That's all you playing up to your strengths while understanding your weaknesses or lack of interest. I find that inspiring! It's what I do too. And, I think the ability to do this is one of the main secrets of sticking with a project and finishing something.
The opposite approach is being precious where each drawing has to be perfect. That's the track I find defeatist. I've come to believe that indie films offer the chance for self expression and it's a missed opportunity to not take that chance. It took me years to learn that.
To clarify Cordell's quote, he was talking specifically about indie animation shorts. Hopefully, that adds some context, and that's how the context is used in my book as well.
"the better the drawer..."
i work in CG and it still applies. "the better the modeler/rigger/texturer/lighter...."
a few months ago i decided to forego the slick pixar look for my animated short and go for a rougher and more stylized one.

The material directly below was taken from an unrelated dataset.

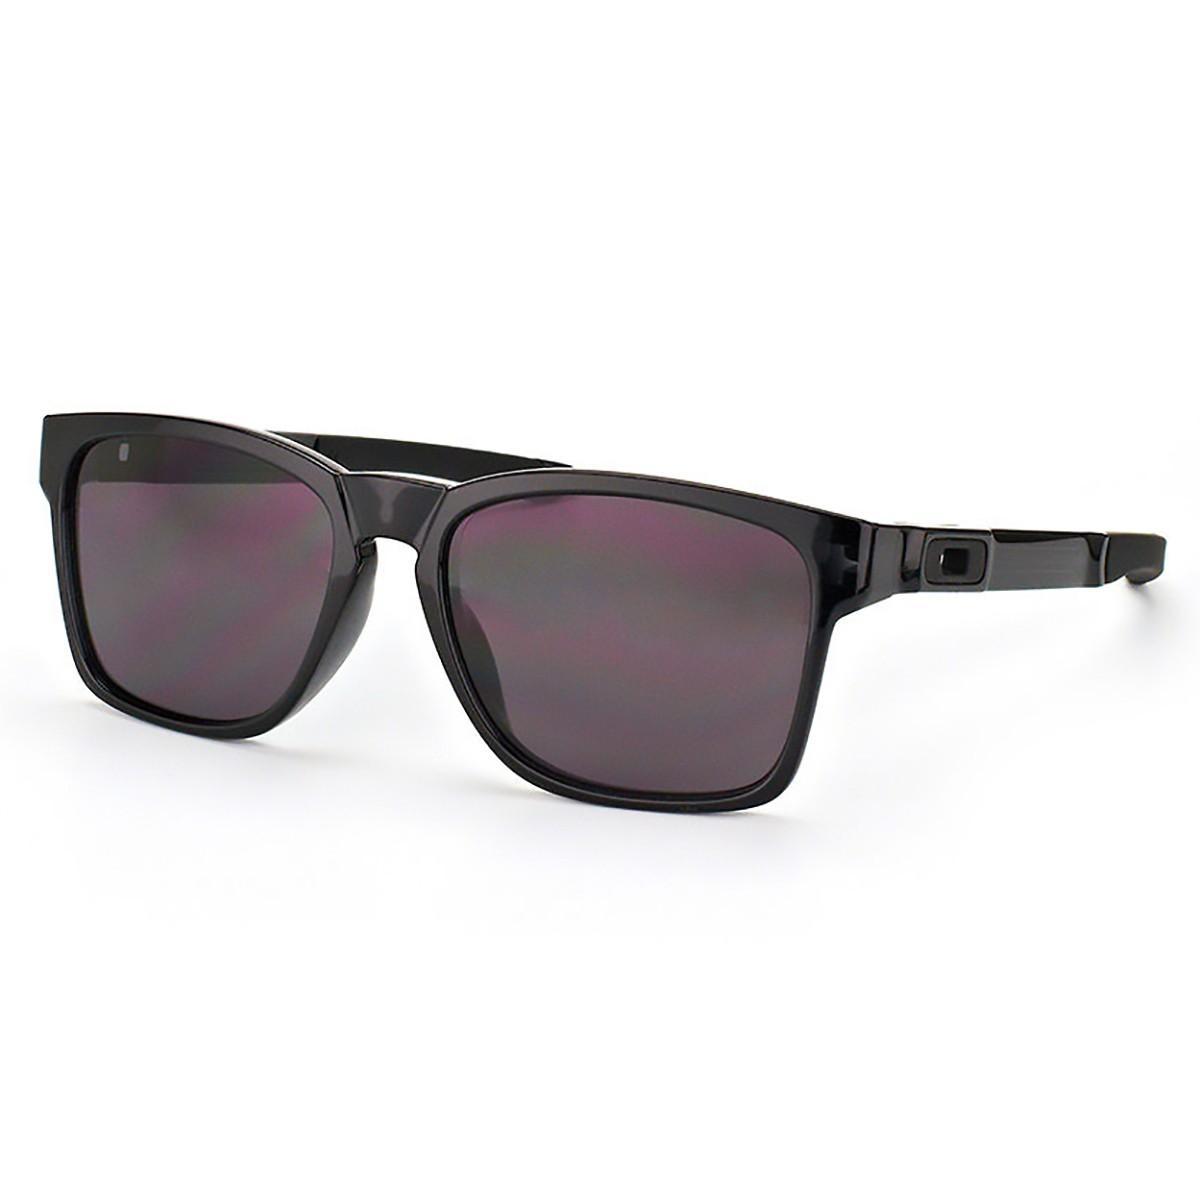 Compre Óculos de Sol Oakley Catalyst em 10X   Tri-Jóia Shop 97db3c419a

This i did for two reasons. one - it would take me forever to finish the slick, and two - i wanted to show something from my culture which is unique and not necessarily everyone's idea of beautiful character design. Risky, i know, but in the end I believe it will pay off.
Thank you for your blog post today. It really validated my decision :)
Elimination is one way of looking at it. Constraints and limitations is another. Some of the best stuff has been produced under all three "set backs."
But I disagree with the basic idea of Cordell's quote. I'll always strive to draw better. And when I make my own films they will be mine, not in a house style with house style timing. But I will slave to make the draftsmanship as good as it can be. And it will probably take me 12 years too, haha.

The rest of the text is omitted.